EXERCISE BRIEF
Pictures within the data are to be left out; everything else must be reproduced exactly.

DATA PROVIDED
------------------------

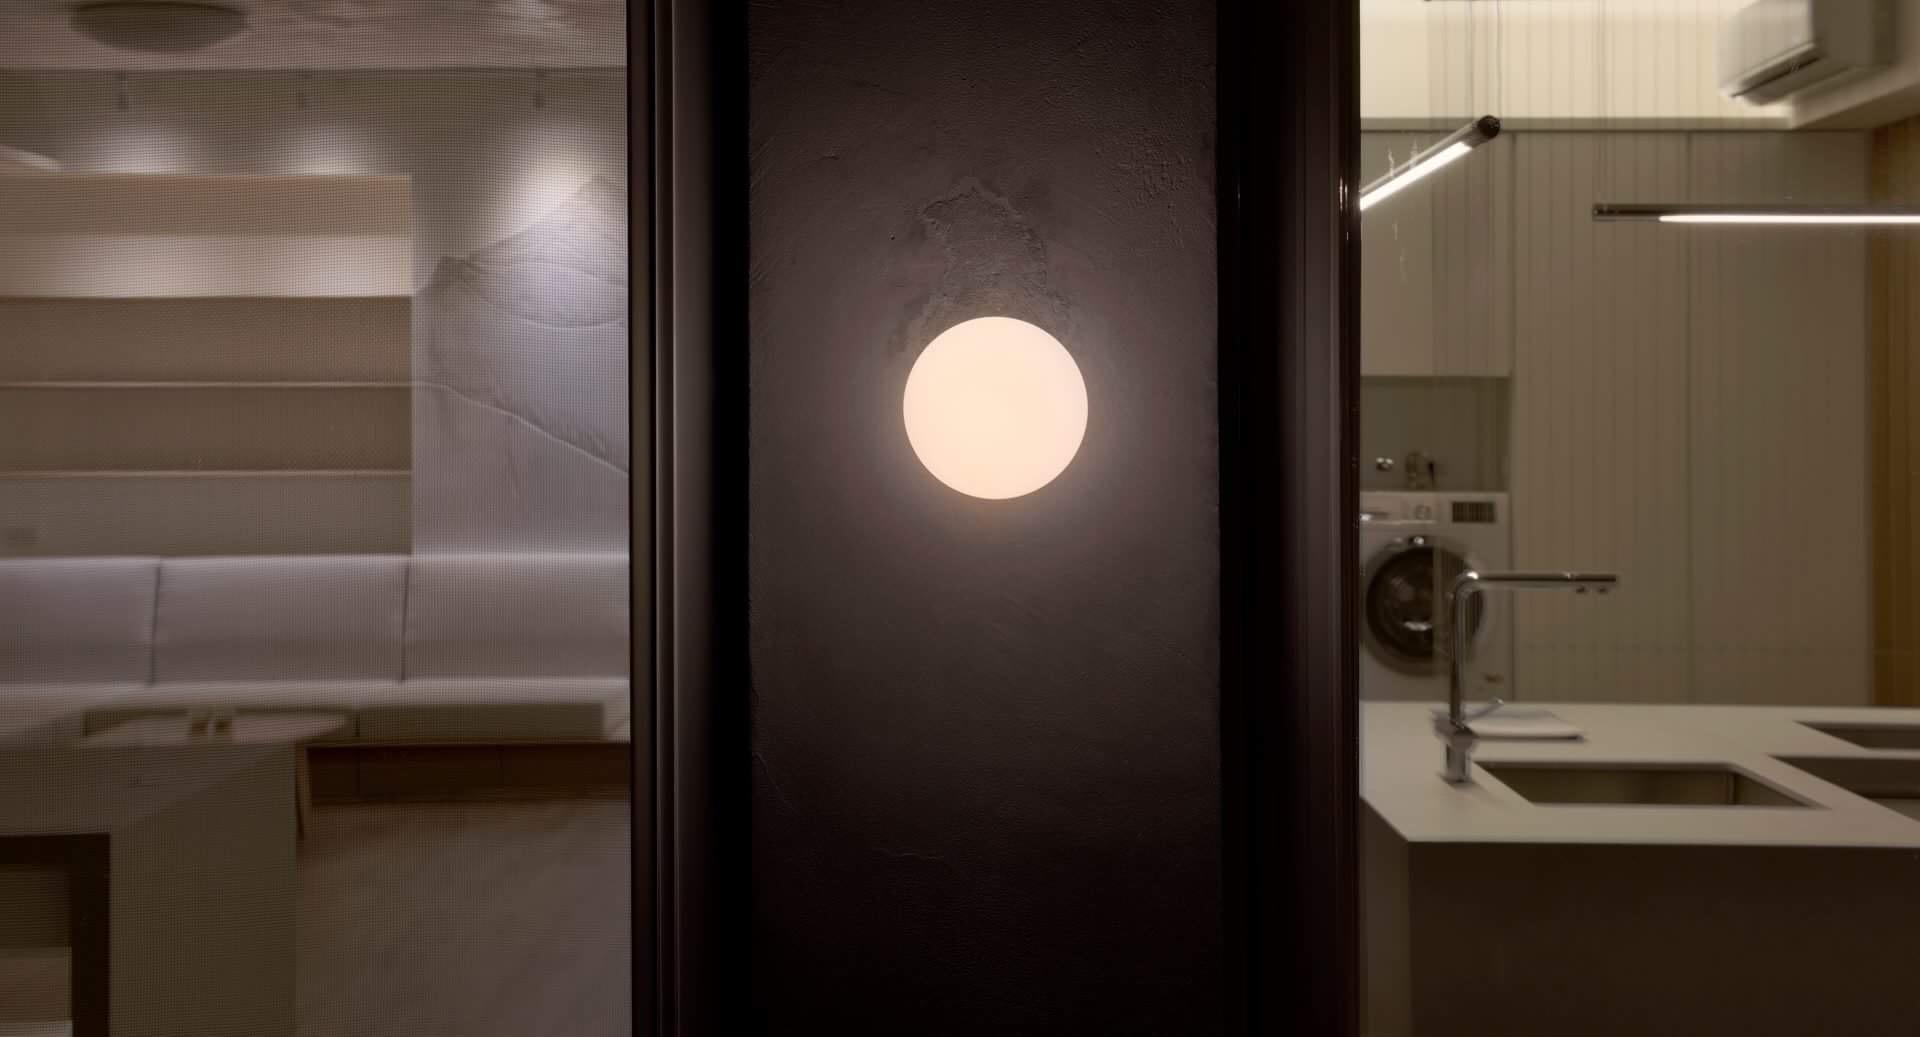 大陽台的小圓燈像天台上的月亮,陪伴我們渡過寒夜,卡希納, Flos
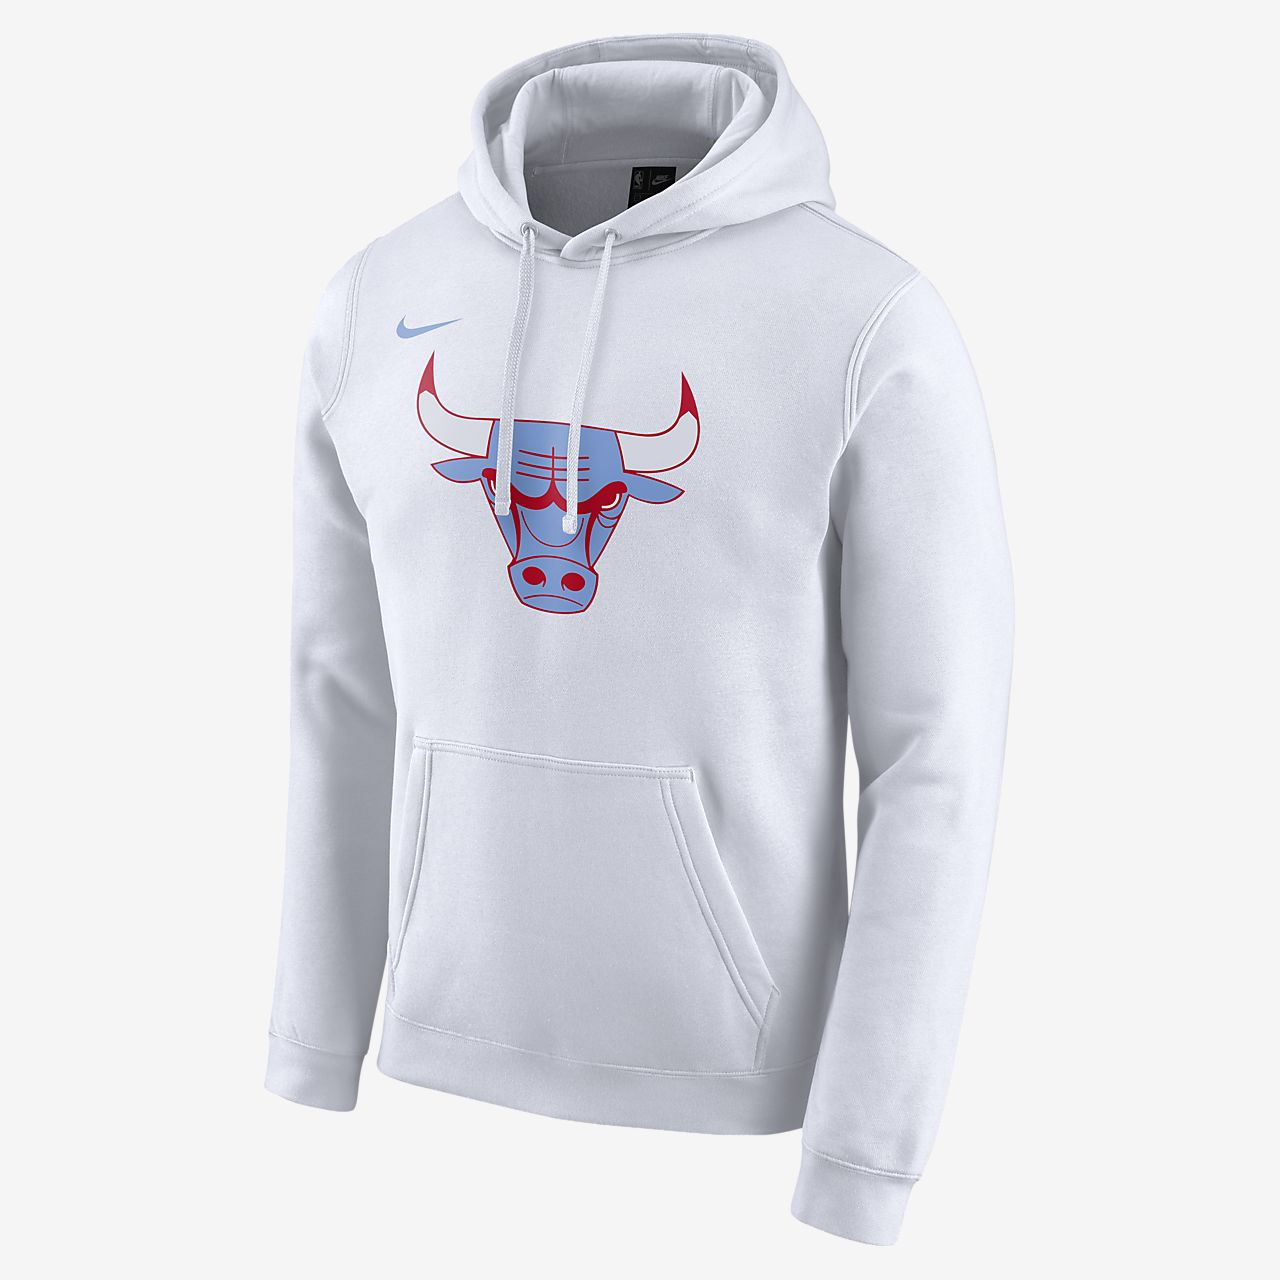 芝加哥公牛队 City Edition Logo Nike NBA 男子连帽衫
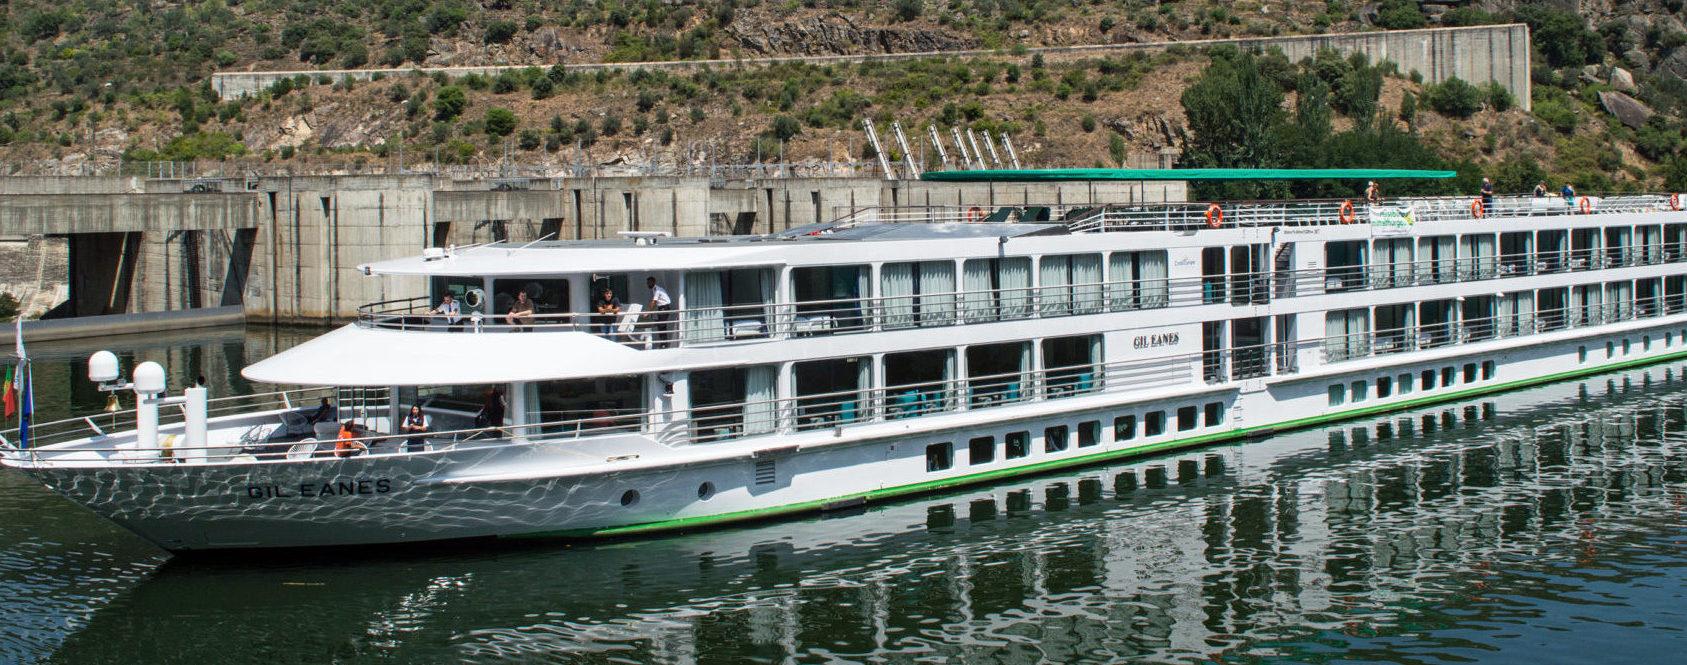 CroisiEurope MS Gil Eanes - Douro River

------------------------

ANSWER BOX
 大陽台的小圓燈像天台上的月亮,陪伴我們渡過寒夜,卡希納, Flos
 芝加哥公牛队 City Edition Logo Nike NBA 男子连帽衫
 CroisiEurope MS Gil Eanes - Douro River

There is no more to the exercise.